Edit filtering logic in:
- Task 1: `tasks/task1_repos.go` → `enrichAndFilter()`
- Task 2: `tasks/task2_prs.go` → `processPR()`

## Performance Benchmarks

### Task 6 Tokenization Performance

**Hardware**: 192-core server

**Go-only implementation** (deprecated):
- Throughput: ~1.8M tokens/s (266 PRs/s)
- Bottleneck: Go tokenizer library overhead

**Hybrid Go/Rust implementation** (current):
- Throughput: ~22M tokens/s (1,810 PRs/s)
- **12x performance improvement**
- Architecture: Go handles filtering/I/O, Rust handles tokenization
- IPC overhead: Negligible (batch-based communication)

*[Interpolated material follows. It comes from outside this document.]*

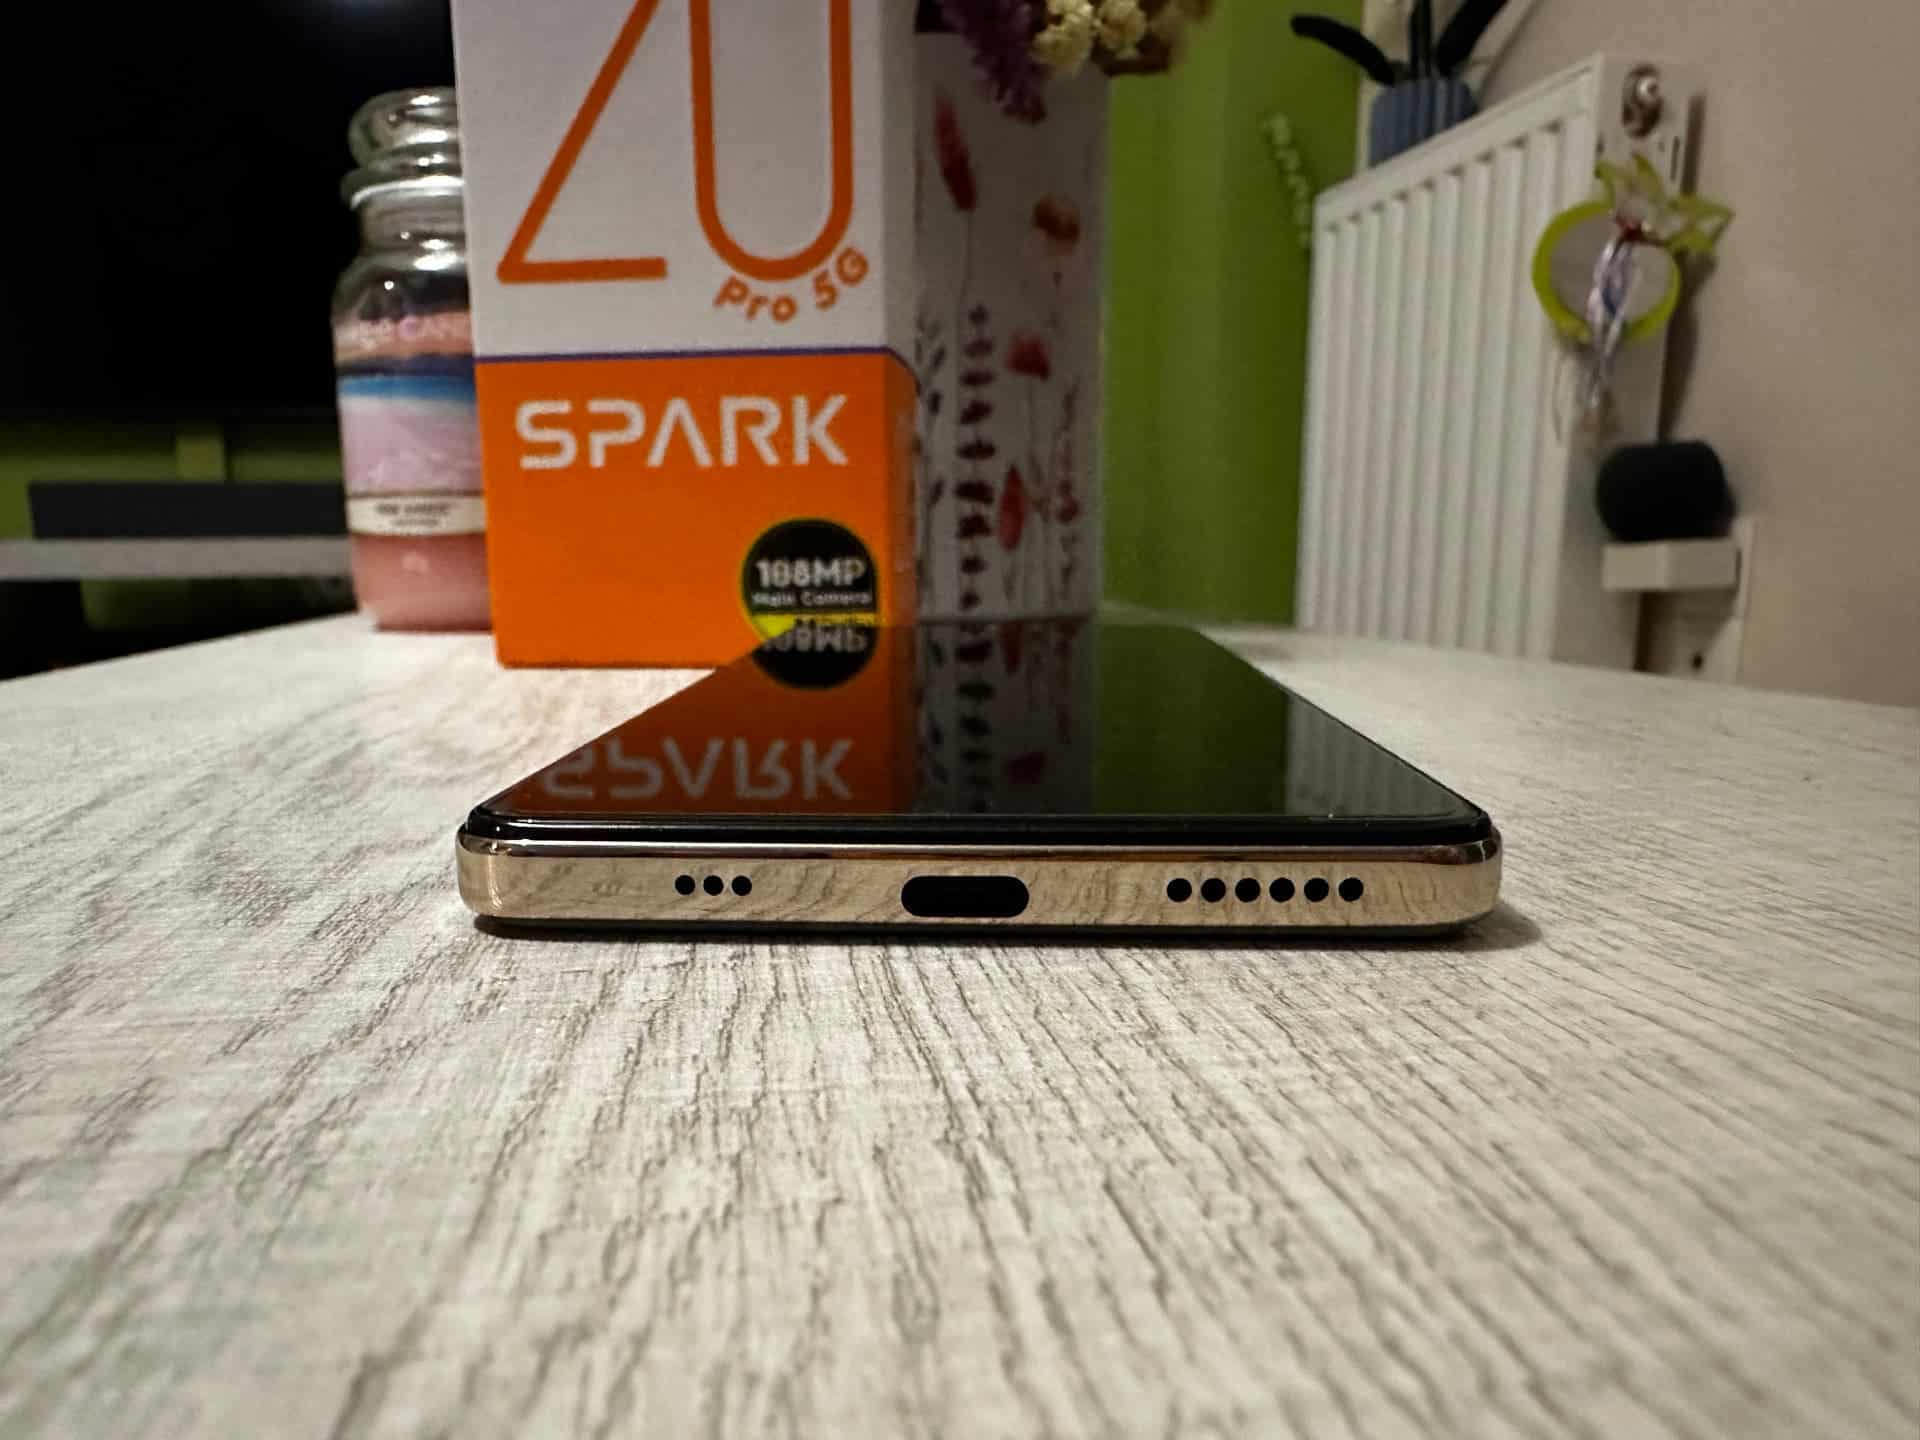 Tecno Spark 20 Pro 5G

**Scaling**: Linear up to CPU core count with thread-local tokenizers in Rust workers.

## Architecture Details

### Task 6: Hybrid Go/Rust Tokenization

```
┌─────────────────────────────────────────────────────────────┐
│                     Go Worker Pool (184)                     │
│  ┌──────────┐  ┌──────────┐  ┌──────────┐  ┌──────────┐   │
│  │ Worker 1 │  │ Worker 2 │  │ Worker 3 │  │  ...184  │   │
│  └────┬─────┘  └────┬─────┘  └────┬─────┘  └────┬─────┘   │
│       │             │             │             │           │
│       │ Filter PRs  │             │             │           │
│       │ Render Text │             │             │           │
│       └─────────────┴─────────────┴─────────────┘           │
│                          │                                   │
│         IPC: Length-Prefixed MessagePack (concurrent)        │
└──────────────────────────┼───────────────────────────────────┘
                           │
┌──────────────────────────▼───────────────────────────────────┐
│          Single Rust Tokenizer Worker Process                │
│                                                               │
│  ┌─────────────────────────────────────────────────────┐    │
│  │         Internal Thread Pool (128 workers)          │    │
│  │                                                      │    │
│  │  ┌──────────────┐  ┌──────────────┐  ┌──────────┐ │    │
│  │  │ Workers 1-16 │  │Workers 17-32 │  │ ... 128  │ │    │
│  │  │      ↓       │  │      ↓       │  │    ↓     │ │    │
│  │  │ Tokenizer 1  │  │ Tokenizer 2  │  │ Token 8  │ │    │
│  │  └──────────────┘  └──────────────┘  └──────────┘ │    │
│  │                                                      │    │
│  │  8 Tokenizer Groups (16 threads per tokenizer)     │    │
│  └─────────────────────────────────────────────────────┘    │
│                                                               │
│  Throughput: 22M tokens/s (1,810 PRs/s)                     │
└──────────────────────────┬───────────────────────────────────┘
                           │
                           │ IPC: MessagePack responses
┌──────────────────────────▼───────────────────────────────────┐
│                  Go Parquet Writers                          │
│              (Write tokenized data + stats)                  │
└──────────────────────────────────────────────────────────────┘
```

**Key Design Decisions:**
1. **Single Rust process**: Eliminates process spawning overhead (184 processes → 1)
2. **Internal thread pool**: 128 workers in 8 groups (16 threads per tokenizer)
3. **Length-prefixed MessagePack**: Solves buffer size limits, 2-3x faster than JSON
4. **Concurrent IPC**: 192 Go workers send batches concurrently to single Rust process
5. **Optimal configuration**: 128 workers with 16 threads/tokenizer from empirical benchmarks

**Performance:**
- **IPC overhead**: <1% (binary protocol, no line parsing)
- **Memory efficiency**: 8 tokenizers vs 192 (23x reduction)
- **Throughput**: 22M tokens/s sustained

See [`tokenizer/rust_worker/README.md`](tokenizer/rust_worker/README.md) for detailed Rust worker documentation.